= Leonard Baldy =

American law enforcement officer

Leonard Frank Baldy (February 15, 1927 – May 2, 1960) was a Chicago Police Department officer who became the city's first helicopter traffic reporter. His sometimes comical look at Chicago's traffic problems made him a household name. His peers gave him the nickname "Flying Officer Leonard Baldy". He died in a fiery crash on May 2, 1960, when his helicopter threw a rotor blade and crashed in a railroad yard near Milwaukee Avenue and Hubbard Street.

A native of Chicago, he graduated from Lane Technical College Preparatory High School (also known as Lane Tech) and was a World War II veteran who served as a Signalman on USS Markab. Baldy gained early recognition in his police career for being the first patrolman in the United States to experiment with and use the, now famous, radar gun to detect the speed of vehicles (April 1954). He also wrote the first ticket in the world for speeding using a radar device. As a patrolman in the mid-'50s he appeared in a television commercial directing traffic.

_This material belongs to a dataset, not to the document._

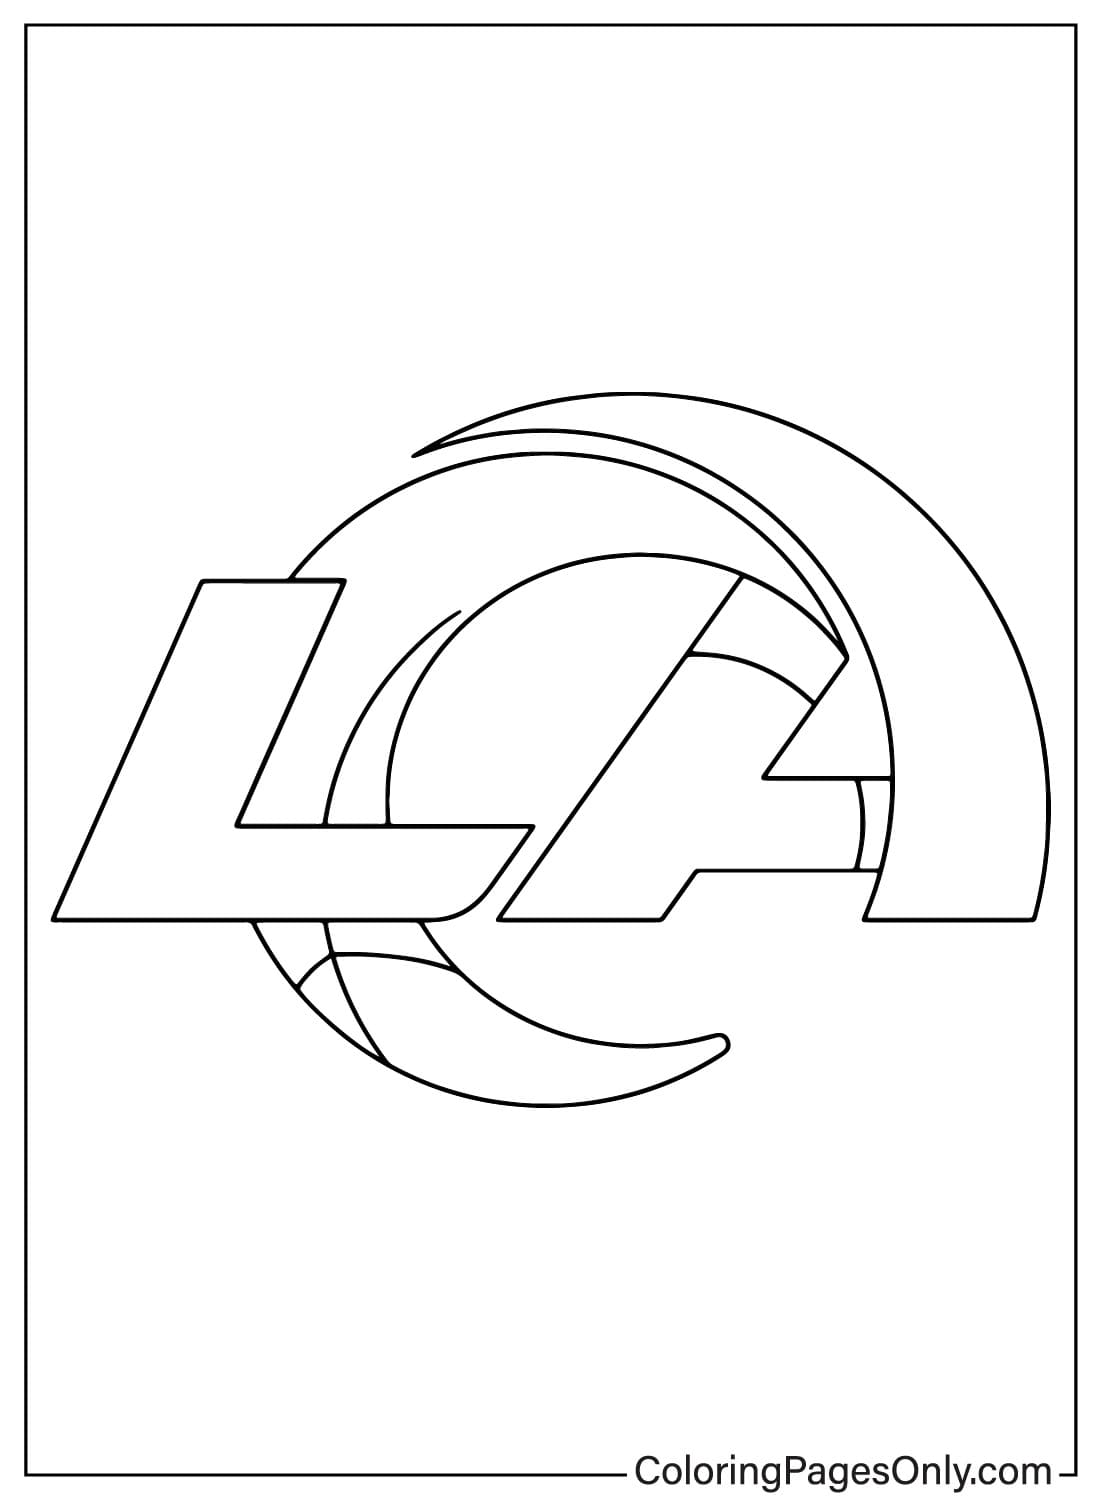 Раскраска с логотипом «Лос-Анджелес Рэмс» из НФЛ

He became the most visible department spokesperson when he provided lectures and taught classes to civic groups, organizations, and educational institutions on the topic of traffic safety. He provided the first helicopter traffic report over WGN radio in November 1958.

Baldy gained fame during the Our Lady of the Angels School Fire, in December 1958, when he broadcast his observations from his helicopter above the scene. He provided traffic instructions over the radio to fire and ambulance vehicles trying to reach the fire through Chicago's congested streets. Both Baldy and WGN radio received public service awards from the National Transportation Safety Board for their efforts.

After his death, he was elected to the American Police Hall of Fame and had his badge number retired.

Forty-six years after his death, the citizens of Chicago remembered him with the honor of renaming a street "Leonard Baldy Way". Chicago newspaper columnist, Neil Steinberg, declared "if ever a Chicago police officer was a celebrity, it was Patrolman Leonard Baldy."

Chicago Police Superintendent, Phillip Cline, said, "People who couldn't name the police superintendent, knew who Len Baldy was."

One of Officer Baldy's sons became noted radio personality, Jack Elliott

In 2006, his son, Tim Baldy, published a biography entitled Chicago's Finest.